MattBroach / DjangoRestMultipleModels

View (and mixin) for serializing multiple models or querysets in Django Rest Framework
MIT License
549 stars 67 forks source link

Paged results, but querying all items anyways? #9

Closed LookLikeAPro closed 8 years ago

LookLikeAPro commented 8 years ago

Longer lists of results take longer, despite pages being the same size (20 items).

MattBroach commented 8 years ago

It looks like your correct -- thank you for catching the problem. Unfortunately, as it stands now, the mixin/view can't rely on lazy queryset evaluate to do pagination, since you have to iterate through the entire set of data in order to construct the flat list . Otherwise, for example, you'd have no ability to sort across the different querysets in the queryList when the sort field is enabled.

I'll think about whether there's a refactor that can rely on lazy queryset evaulation for pagination, but for now I'd say that pagination is more a UX convenience than it is a processing saver.

LookLikeAPro commented 8 years ago

@MattBroach Thanks for looking into this. I don't know if it is helpful but I ended up using this approach.

MattBroach commented 8 years ago

I know this is from awhile back, but I've spent some time thinking about this, and I'm just not sure you can merge and order separate querysets, even with the isInstance trick shown in that approach, without evaluating the two querysets, which will hit the database for all objects. For now, I've put a note in the documentation that pagination with the MultipleModelAPIView is really more for convenience purposes than it is for database efficiency. I'll keep it in the back of my head, though, and if I think of a way of doing it I'll let you know.

JamshedVesuna commented 7 years ago

This should be possible with something like CursorPagination. You could add an additional opaque cursor parameter that encodes which queryset the client is on. This allows you to only fetch the objects you need from the database.
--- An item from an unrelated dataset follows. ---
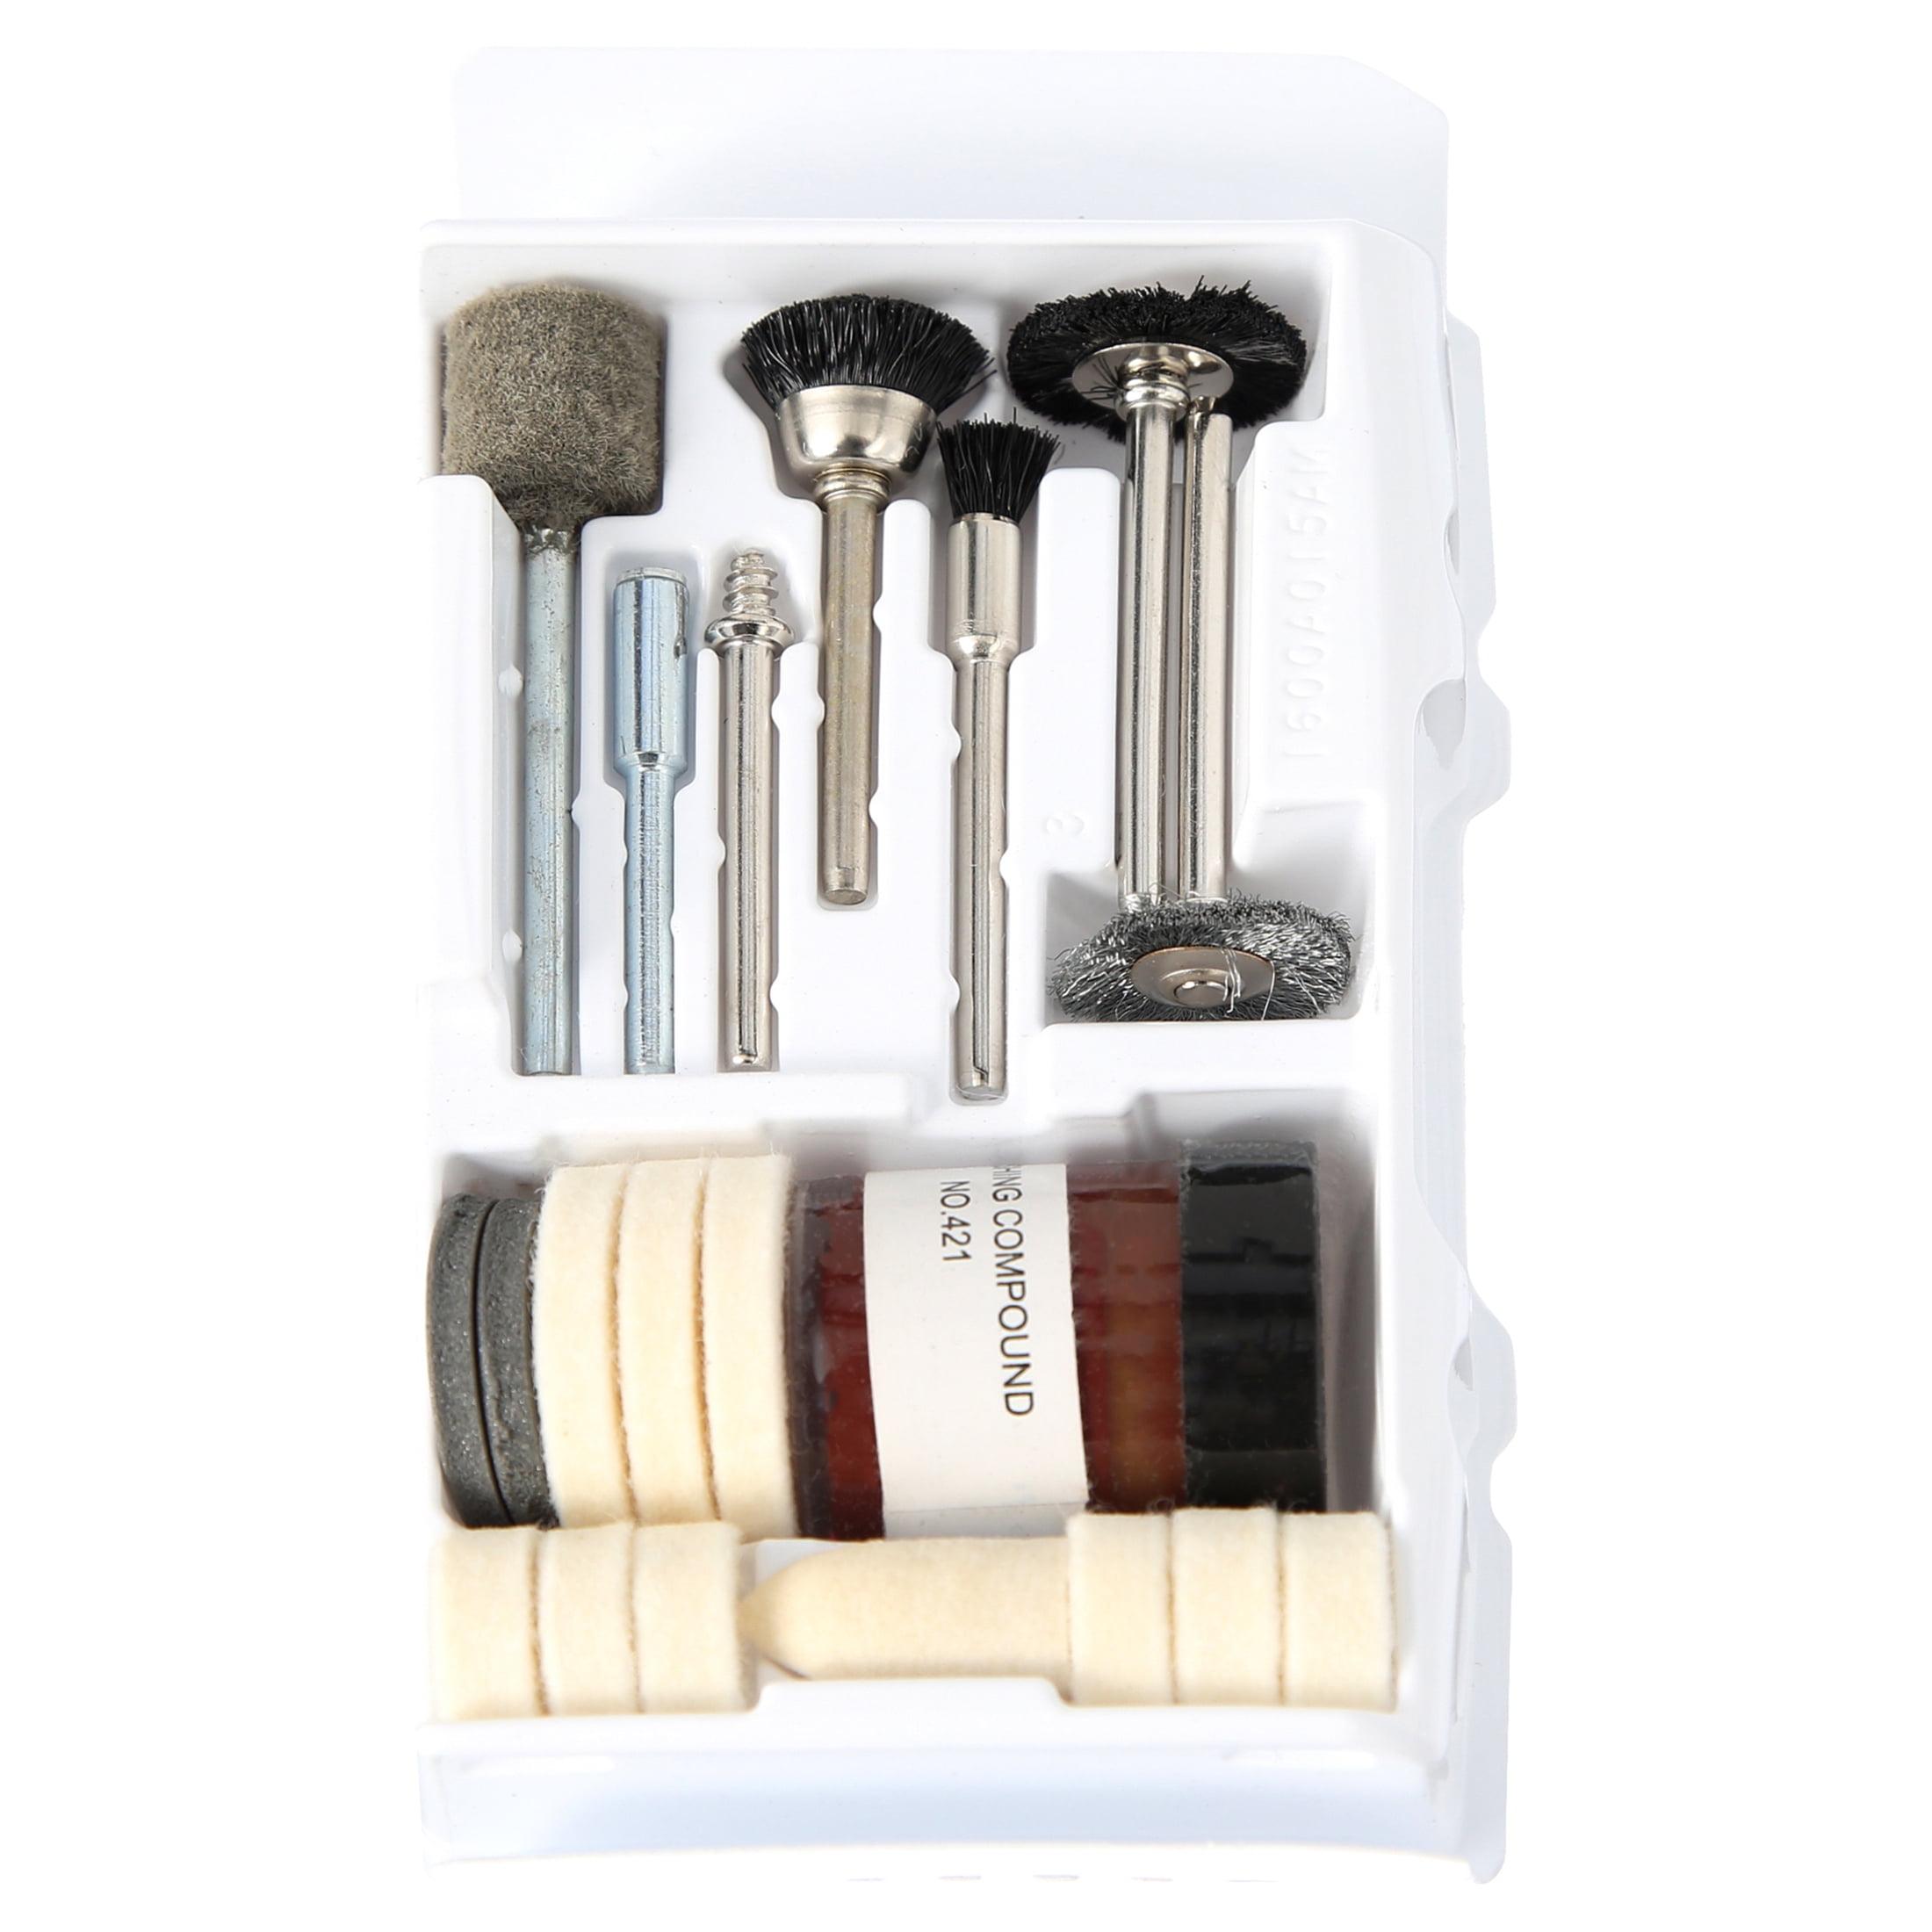 WORKPRO 476PCS Dremel Rotary Tool Accessories Kit Grinding Sanding  Polishing Set

See DRF's CursorPagination.

MattBroach commented 7 years ago

@JamshedVesuna, I will definitely look into it and appreciate the suggestion. The problem has to do with ordering and how to evaluate when comes next -- it would be fairly trivial to pagination within a given queryset, but imagine someone wanted to create a list of Poem objects and Play objects, as in the docs. If there mixed together by say, title, how do we know whether the first 20 titles are all Plays, all Poems, or some admixture of the two, without evaluating the entire queryset? Even if we could answer that for the first twenty, we wouldn't necessarily know how to offset the next set of Poems and Play objects appropriately.

My understanding is that Cursor Pagination also works best when the field is indexed -- which is impossible across tables (which would be the case with different models). None of this is to say it can't be done: I'll definitely look into it and appreciate the suggestion.

JamshedVesuna commented 7 years ago

You're correct - interleaving objects from different models is more complicated. You can either evaluate the entire queryset (like you mentioned) or order each queryset and pick off the top of each queryset (kind of like mergesort) to create a combined response (this is fairly expensive, but does eliminate the need to evaluate the entire queryset).

Of course, this approach assumes that the ordering field(s) used by each model is comparable between models, which is not always the case. For example, if one model orders by a created_at timestamp, and another orders by a title charfield, this would be impossible. In this case, I think the only solution is to return all objects from one model, then the next, etc. like you mentioned above.

I'd imagine that for most users, this approach is sufficient if the caller just wants the complete response and doesn't really care about inter-page ordering. This also only evaluates a page's worth of objects rather than the entire queryset, just like DRF.

MattBroach commented 6 years ago

Hello everyone in this thread: temporarily resurrecting this closed issue, because pagination has now been properly implemented -- the pagination filtering now happens at the query level rather than after the querysets have been evaluated, so large datasets are handled correctly. There are a few caveats to be aware of:

  1. The only pagination that has been implemented so far is LIMIT/OFFSET pagination; others may follow in the future, but this is the only pagination style currently implemented.
  2. The new 2.0 version of DjangoRestMultipleModels went through a substantial change in code and interface: the original view class was split into two different classes (depending on output format), queryList has become querylist (removed the awkward camelCase), and querylist items are now dicts, rather than tuples, and more. I'd recommend reading the 1.x to 2.0 guide in the docs for a full description of what changed and how to update your code.

Let me know if any of you get a chance to play with the new library interface and pagination; would love feedback on the new design.